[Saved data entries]
----

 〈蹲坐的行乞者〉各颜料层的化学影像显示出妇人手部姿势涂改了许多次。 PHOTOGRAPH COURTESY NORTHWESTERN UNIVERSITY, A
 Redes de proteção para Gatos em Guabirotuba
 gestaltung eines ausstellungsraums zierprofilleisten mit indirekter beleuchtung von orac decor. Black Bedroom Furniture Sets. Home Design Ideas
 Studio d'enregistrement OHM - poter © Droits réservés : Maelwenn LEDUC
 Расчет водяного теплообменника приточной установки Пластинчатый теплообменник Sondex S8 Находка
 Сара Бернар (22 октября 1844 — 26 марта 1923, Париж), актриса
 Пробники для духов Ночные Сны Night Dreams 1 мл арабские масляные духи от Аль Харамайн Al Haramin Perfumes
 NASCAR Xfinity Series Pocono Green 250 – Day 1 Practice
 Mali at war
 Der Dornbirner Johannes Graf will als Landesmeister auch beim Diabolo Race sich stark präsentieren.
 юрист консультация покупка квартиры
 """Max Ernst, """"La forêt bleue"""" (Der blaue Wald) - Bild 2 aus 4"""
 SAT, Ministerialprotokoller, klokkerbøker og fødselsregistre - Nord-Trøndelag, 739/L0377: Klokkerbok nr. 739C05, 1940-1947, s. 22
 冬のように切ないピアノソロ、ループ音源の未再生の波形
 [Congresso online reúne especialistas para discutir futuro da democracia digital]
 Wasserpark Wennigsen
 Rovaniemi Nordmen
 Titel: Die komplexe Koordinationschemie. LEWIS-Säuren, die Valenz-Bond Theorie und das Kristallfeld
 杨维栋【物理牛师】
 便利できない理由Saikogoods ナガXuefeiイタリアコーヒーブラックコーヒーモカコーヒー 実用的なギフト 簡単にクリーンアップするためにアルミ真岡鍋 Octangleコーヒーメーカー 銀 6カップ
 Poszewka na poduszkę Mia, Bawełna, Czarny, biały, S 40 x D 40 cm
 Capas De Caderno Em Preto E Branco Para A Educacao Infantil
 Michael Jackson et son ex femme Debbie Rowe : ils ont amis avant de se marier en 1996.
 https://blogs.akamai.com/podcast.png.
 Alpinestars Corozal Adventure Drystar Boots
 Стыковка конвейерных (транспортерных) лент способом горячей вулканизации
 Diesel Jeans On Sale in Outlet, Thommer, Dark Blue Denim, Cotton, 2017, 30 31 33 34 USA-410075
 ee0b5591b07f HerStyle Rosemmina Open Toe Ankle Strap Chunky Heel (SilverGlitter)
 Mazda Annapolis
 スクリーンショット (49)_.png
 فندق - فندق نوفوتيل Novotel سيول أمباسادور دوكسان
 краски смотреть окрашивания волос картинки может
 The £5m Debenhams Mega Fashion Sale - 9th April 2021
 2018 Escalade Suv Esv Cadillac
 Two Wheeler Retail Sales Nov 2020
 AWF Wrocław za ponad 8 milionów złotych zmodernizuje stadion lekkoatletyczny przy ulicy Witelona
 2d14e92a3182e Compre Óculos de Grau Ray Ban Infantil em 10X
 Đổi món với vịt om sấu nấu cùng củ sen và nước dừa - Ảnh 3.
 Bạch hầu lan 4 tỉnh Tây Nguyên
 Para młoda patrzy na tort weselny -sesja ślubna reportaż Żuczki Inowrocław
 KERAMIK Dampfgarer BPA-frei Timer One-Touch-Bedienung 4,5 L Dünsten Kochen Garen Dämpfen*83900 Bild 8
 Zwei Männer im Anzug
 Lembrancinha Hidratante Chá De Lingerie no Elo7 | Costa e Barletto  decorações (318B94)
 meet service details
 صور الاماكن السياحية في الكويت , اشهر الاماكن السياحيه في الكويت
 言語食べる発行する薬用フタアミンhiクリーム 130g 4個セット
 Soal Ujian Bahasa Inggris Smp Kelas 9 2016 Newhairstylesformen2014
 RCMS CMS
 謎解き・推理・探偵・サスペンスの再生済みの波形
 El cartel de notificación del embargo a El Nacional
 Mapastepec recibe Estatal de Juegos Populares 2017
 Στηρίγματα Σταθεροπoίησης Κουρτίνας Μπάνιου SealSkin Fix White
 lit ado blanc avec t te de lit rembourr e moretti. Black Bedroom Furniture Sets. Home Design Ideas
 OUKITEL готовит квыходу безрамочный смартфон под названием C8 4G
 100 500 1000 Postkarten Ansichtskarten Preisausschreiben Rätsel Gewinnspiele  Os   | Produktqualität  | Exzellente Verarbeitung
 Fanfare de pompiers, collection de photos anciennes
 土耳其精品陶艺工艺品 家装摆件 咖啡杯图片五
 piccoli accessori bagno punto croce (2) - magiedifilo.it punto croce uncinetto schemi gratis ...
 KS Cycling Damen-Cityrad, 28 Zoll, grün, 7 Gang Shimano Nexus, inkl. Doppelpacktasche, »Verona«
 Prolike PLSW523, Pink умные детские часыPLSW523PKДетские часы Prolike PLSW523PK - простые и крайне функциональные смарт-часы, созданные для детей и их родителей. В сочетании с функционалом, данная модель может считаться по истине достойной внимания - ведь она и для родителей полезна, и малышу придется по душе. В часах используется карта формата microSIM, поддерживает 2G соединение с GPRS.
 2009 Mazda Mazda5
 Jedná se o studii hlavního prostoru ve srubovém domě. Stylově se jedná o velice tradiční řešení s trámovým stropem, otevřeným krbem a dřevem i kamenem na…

----

State how many lines above include the word "Design", and nothing more.

2